SICO Technology
- Company type: Private
- Industry: Mobile phones
- Founded: 2003
- Headquarters: Cairo, Egypt
- Number of locations: 3 Cairo, Egypt Nairobi, Kenya Dubai, UAE
- Area served: Africa and Middle East
- Products: Cell phones, Smartphones, Tablets
- Number of employees: 150
- Parent: ElSayed Salem Group
- Website: www.sico.com.eg

= SICO Technology =

Egyptian mobile phones and tablets manufacturer

SICO Technology is an Egyptian corporation and technology company headquartered in Cairo, Egypt. Its main product lines include telecommunications equipment. The company manufactures mobile phones, tablets, and a range of 3G/4G mobile phones and smartphones which include the Nile X smartphone manufactured in Egypt. It was founded in 2003 with its headquarters in downtown Cairo, Egypt. The name of the company resembles its nature of business: a silicon industries company for manufacturing telecommunication technologies and products.

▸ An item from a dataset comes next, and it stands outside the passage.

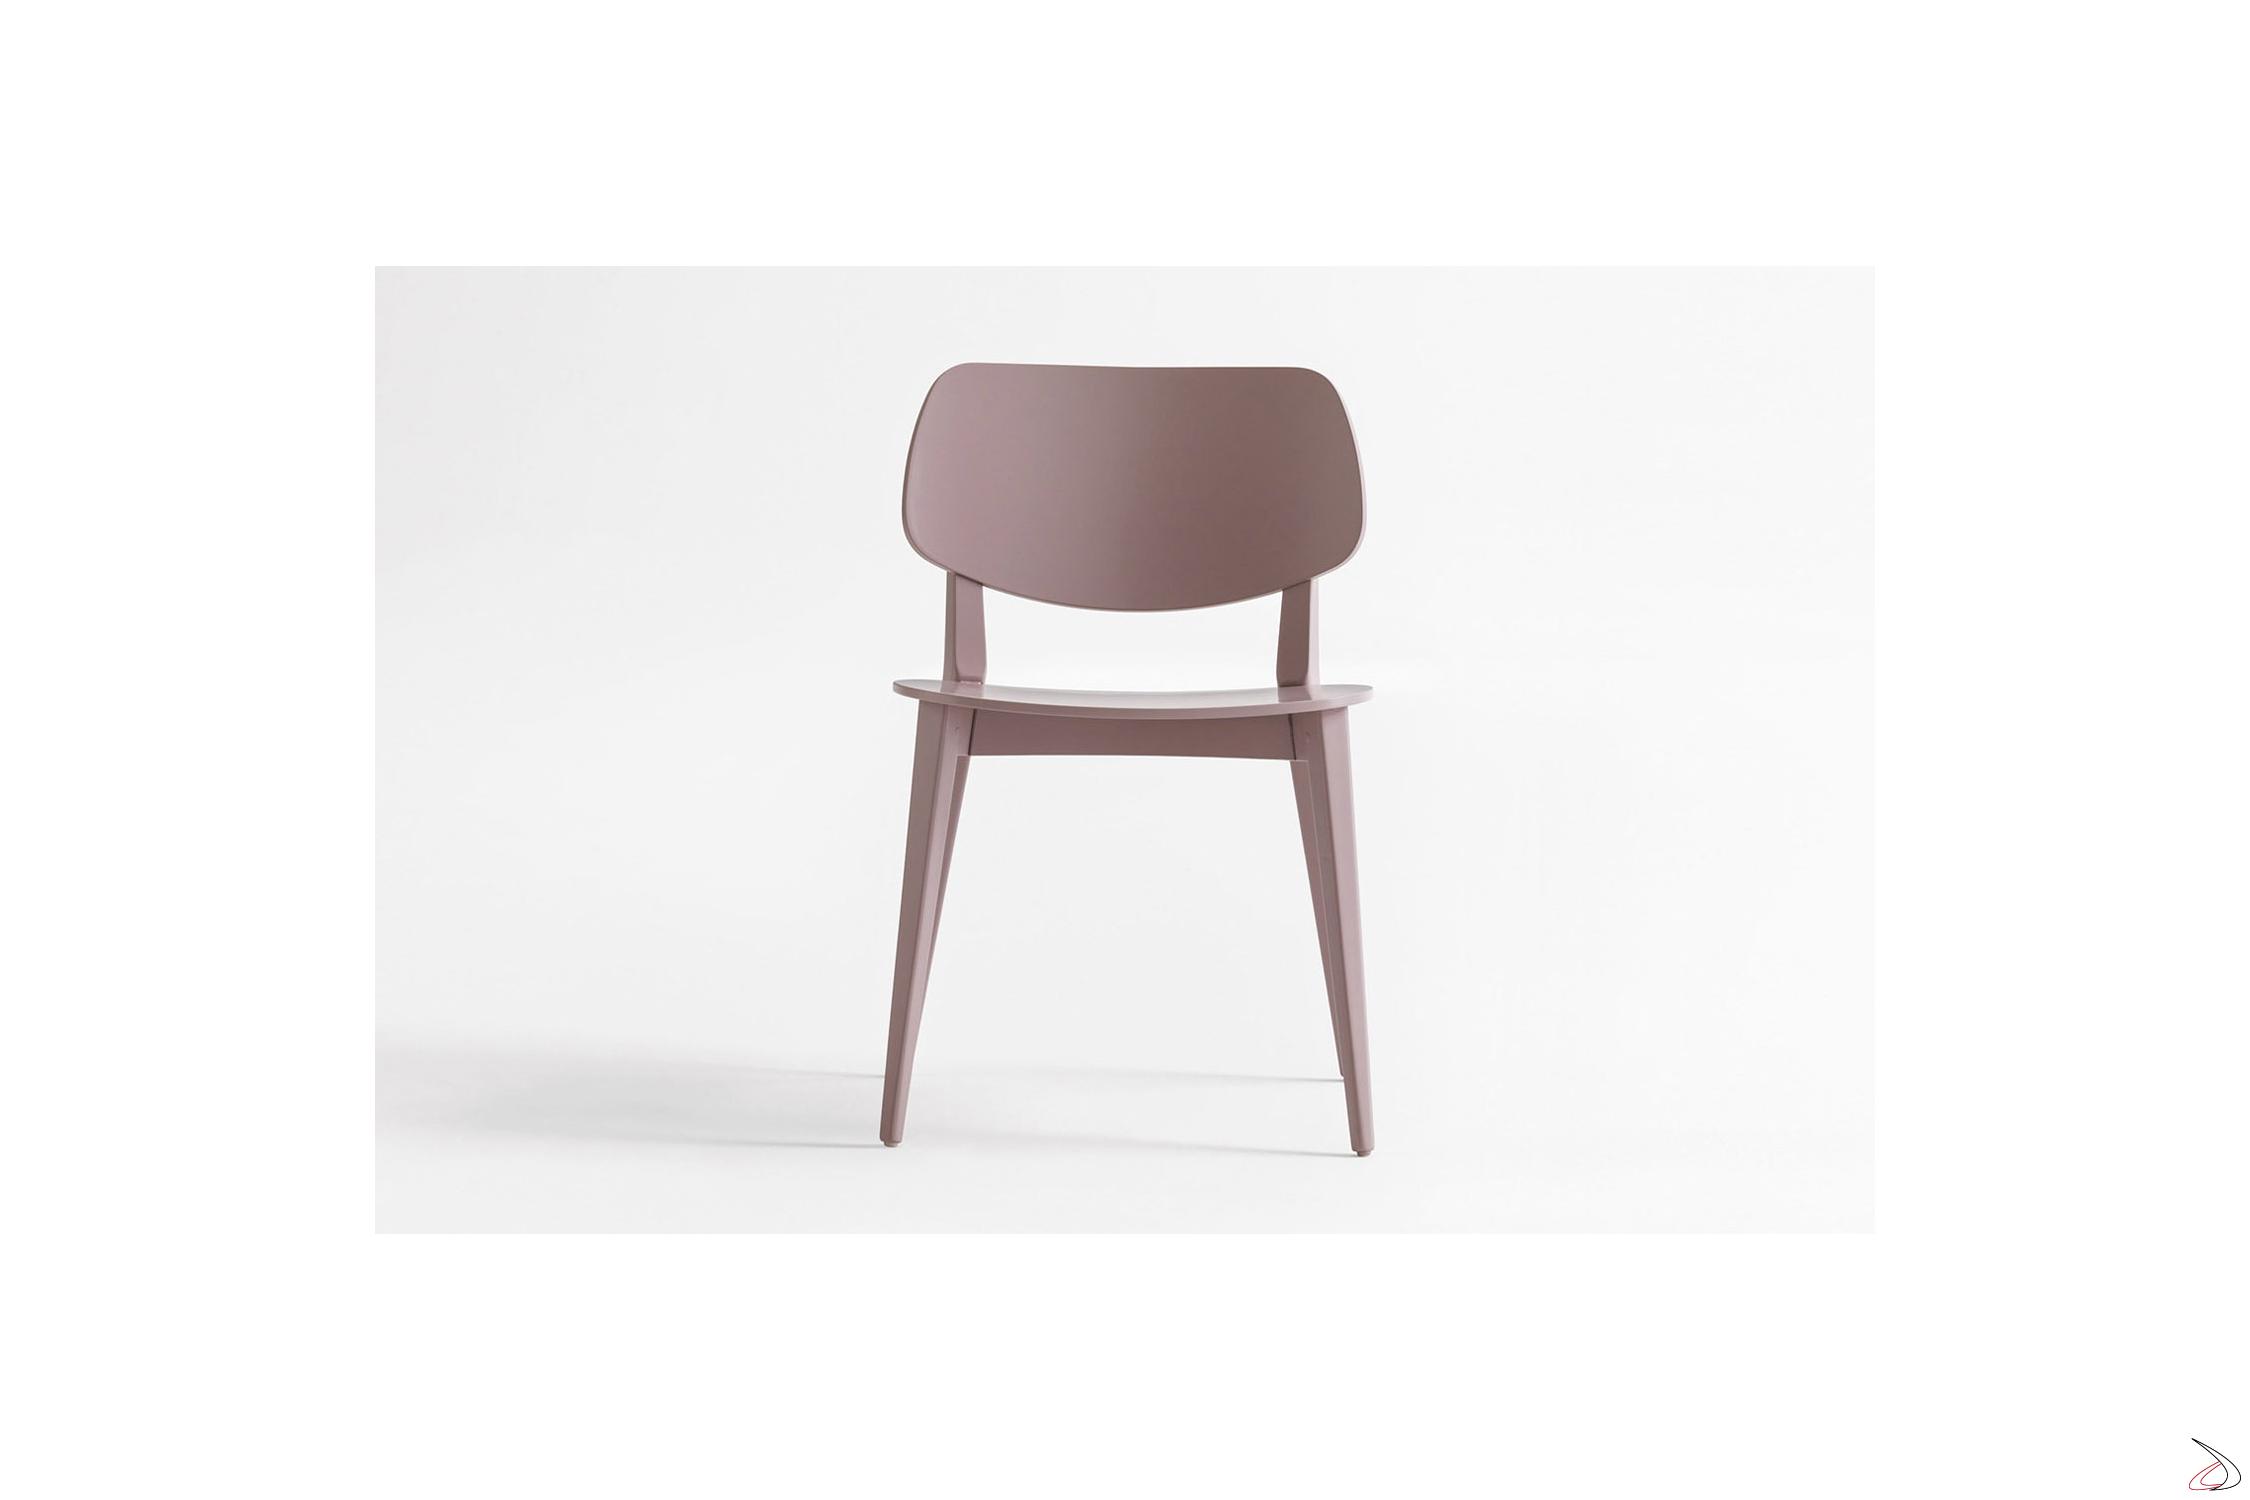 Sedie Cucina Legno Colorate.Doll Chair

In December 2017, the company announced during the CairoICT annual conference the production of locally manufactured 4G Android smartphones in its Egypt plant located in the industrial zone of the city of Assiut.

==Company history==
SICO has its roots in an old privately held soft drink company founded in 1948 and famous for its soft drinks. In the 1960s, however, it went public and as SICO Egypt and became the local bottler for Coca-Cola, which it remains today.

In 2003, engineer Mohamed Salem, son of the old company's founder, reestablished it with a focus on electronics. It initially provided electronic security and automation services to private and public sector companies and banks in Egypt.

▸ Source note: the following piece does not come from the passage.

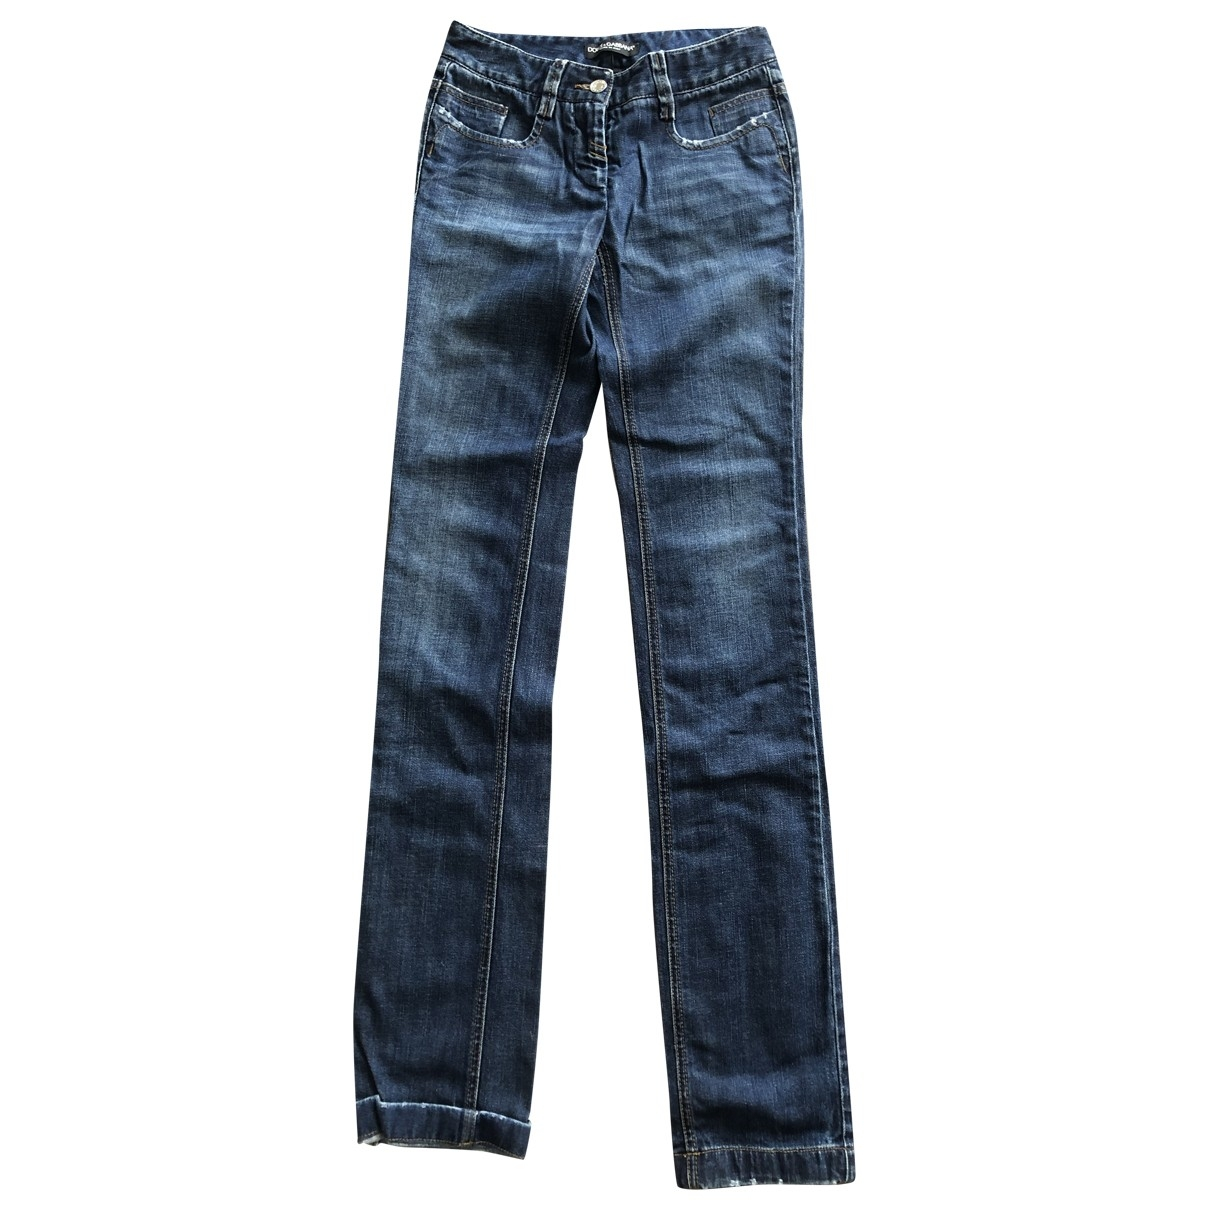 Dolce & Gabbana \N Blue Cotton Jeans for Women 36 FR

In 2013, the company began entering the electronic device market by manufacturing devices in factories in China under the SICO brand and training Egyptian engineers there and in Germany, until it began partnering with the Silicon Oasis Company, a public firm affiliated with Egypt's Ministry of Communications and Information Technology. The factory was set up in the new Asyut Technology Park and currently produces 45% of the components for mobile phones released under the brand with the help of 500 engineers, of whom nearly 200 are residents of Asyut Governorate.